The proof that $1-\sqrt{-5}$ is irreducible is incorrect. In addition to a minor (and alas, common) mistake in writing that makes what you write not what you intended to write, there is an assertion which is just plain false.
Explicilty, you write:
Assume $1-\sqrt{-5}$ is reducible, then there must exist $a,b \in \mathbb{Z}[\sqrt{-5}]$ so that $N(1-\sqrt{-5})=N(a)N(b) \Rightarrow N(a)=N(b)= \pm (1-\sqrt{-5})$
First: the use of $\Rightarrow$ is incorrect. What you have written is that there exist $a$ and $b$ in $\mathbb{Z}[\sqrt{-5}]$ for which the following statement holds:
If $N(1-\sqrt{-5}) = N(a)N(b)$, then $N(a)=N(b) = \pm (1-\sqrt{-5})$.
What you actually wanted to write was that
If there exist $a,b\in\mathbb{Z}[\sqrt{-5}]$ such that $N(1-\sqrt{-5}) = N(a)N(b)$, then $N(a)=N(b)=\pm(1-\sqrt{-5})$.

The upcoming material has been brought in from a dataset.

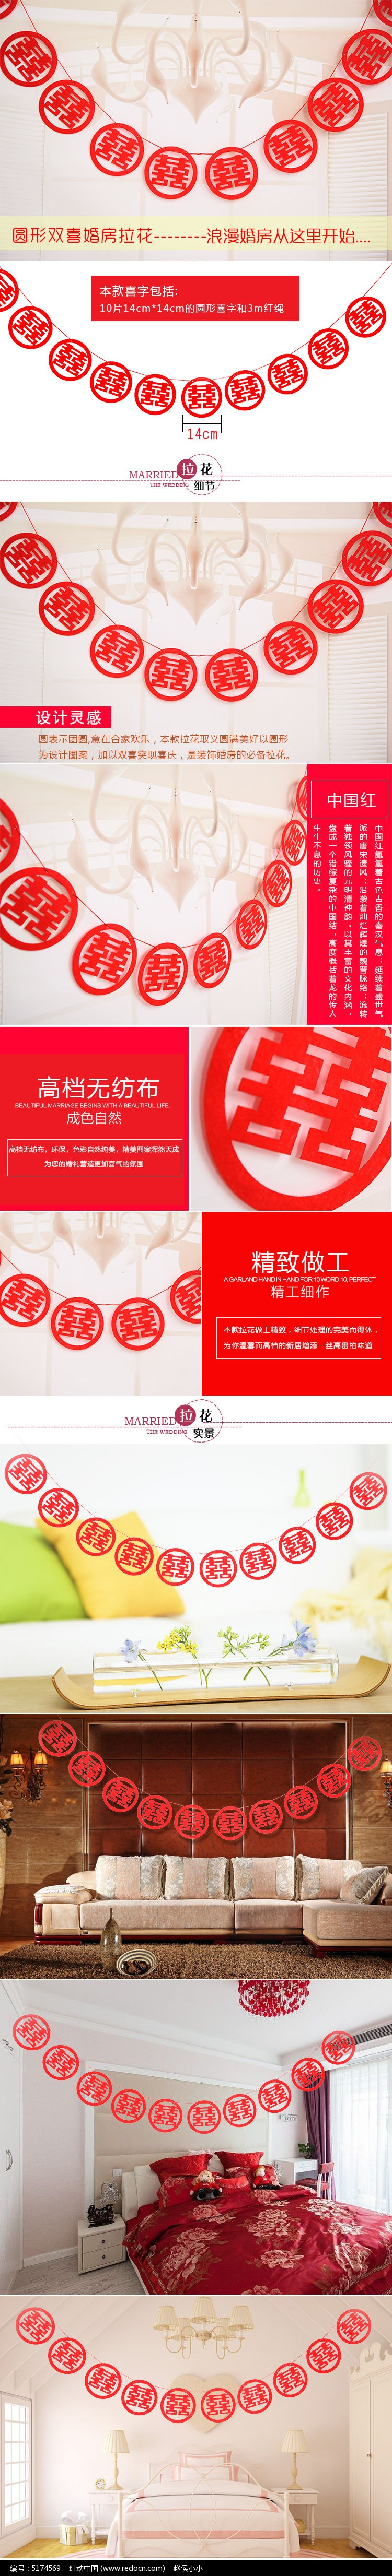 圆形镂空红色无纺布婚房装饰喜字拉花详情页图片

What's the difference? The first statement will be true if you can find an $a$ and a $b$ for which $N(1-\sqrt{-5})$ is not equal to $N(a)N(b)$! It will be true that the implication holds, because the antecedent will be false. So, exhibiting $a=7$ and $b=10578432$ makes the statement you wrote true. However, they are irrelevant towards the second statement (and towards establishing what you want to establish, namely, that no such $a$ and $b$ exist).

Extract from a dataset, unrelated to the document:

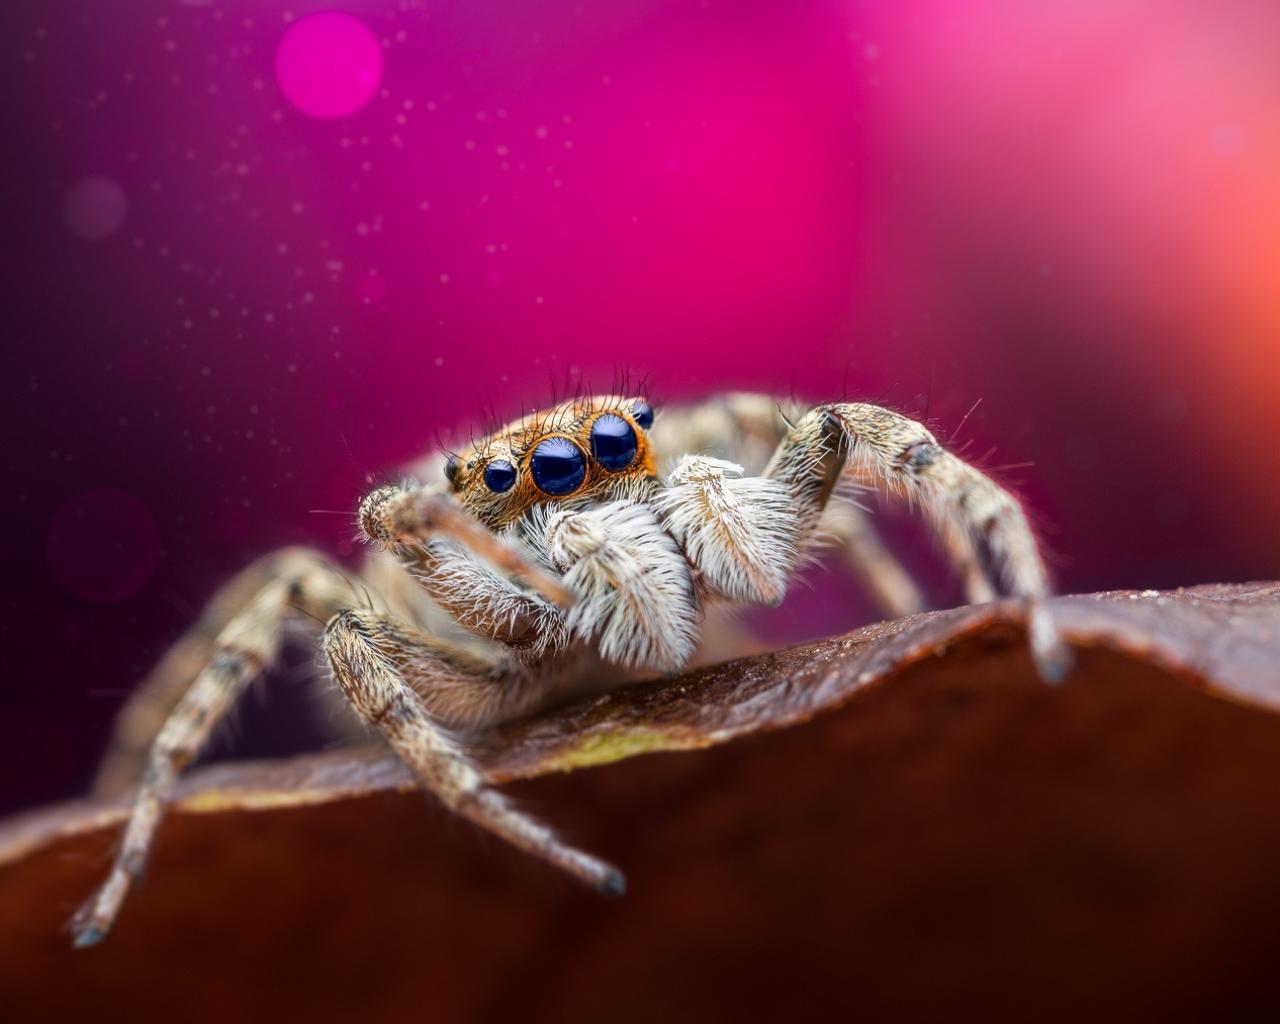 Araña saltadora - 1280x1024

Second: this is incorrect. What you want to assume is that there exist $a$ and $b$ such that $1-\sqrt{-5} = ab$, and neither $a$ nor $b$ are units; you do not simply want to assume that the product of the norms of $a$ and $b$ equals the norm of $1-\sqrt{-5}$.
Third: Even so, you conclusion is nonsense. The norm of any element of $\mathbb{Z}[\sqrt{-5}]$ must be an integer. What you want to conclude is that $N(a)N(b) = N(1-\sqrt{-5}) = 6$, and then get a contradiction. The norm cannot equal $\pm(1-\sqrt{-5})$.
It's also nonsense to say "since $1-\sqrt{-5}$ is not a quadratic remainder modulo $5$". It's not even a remainder modulo $5$, because it's not an integer!
The argument about $2$ not being prime is likewise incorrect in its use of the norm, which quickly reduces to nonsense symbols being strewn around:
But with $a,b \in \mathbb{Z}[\sqrt{-5}]$ it immediately follows that for :
$(1\pm\sqrt{-5})= 2(a+b\sqrt{-5})$ $2b = \pm 1$. So 2 is not a prime in $\mathbb{Z}[\sqrt{-5}]$.
This is nonsensical as written. I suspect you wanted to say something like
But there cannot exist $a,b\in\mathbb{Z}$ (not in $\mathbb{Z}[\sqrt{-5}]$) such that $2(a+b\sqrt{-5}) = 2a+2b\sqrt{-5} = 1-\sqrt{-5}$.
Same issues with the rest of the arguments. They are either terse to the point of nonsense, or contain incorrect or incoherent claims. I strongly urge you to write complete sentences, use words, and don't over rely on symbols. And to read your own arguments with a critical eye after you are done.
Best Answer
To show that $2$ is not prime, observe that $2$ divides $(\sqrt{5}+1)^2$ but $2$ does not divide $\sqrt{5}+1$. Or else we can use $(\sqrt{5}-1)(\sqrt{5}+1)$.
Similarly, we can show that $\sqrt{5}+1$ is not prime. For $(\sqrt{5}+1)(\sqrt{5}-1)=4$. So $\sqrt{5}+1$ divides $(20(2)$, but $\sqrt{5}+1$ does not divide $2$.
To show that $a^2-5b^2$ cannot be equal to $\pm 2$, observe that any square is congruent to $0$, $1$, or $-1$ modulo $5$. Since $a^2-5b^2\equiv a^2\pmod{5}$, we cannot have $a^2-5b^2$ equal to anything congruent to $\pm 2\pmod{5}$. In particular, it cannot be equal to $2$ or $-2$.
Remark: It turns out that this flaw can be fixed. If we consider the numbers of the form $a+b\sqrt{5}$, where $a$ and $b$ are integers, together with numbers of the form $\frac{a+b\sqrt{5}}{2}$, where $a$ and $b$ are odd integers, we get a structure in which every non-unit irreducible is prime.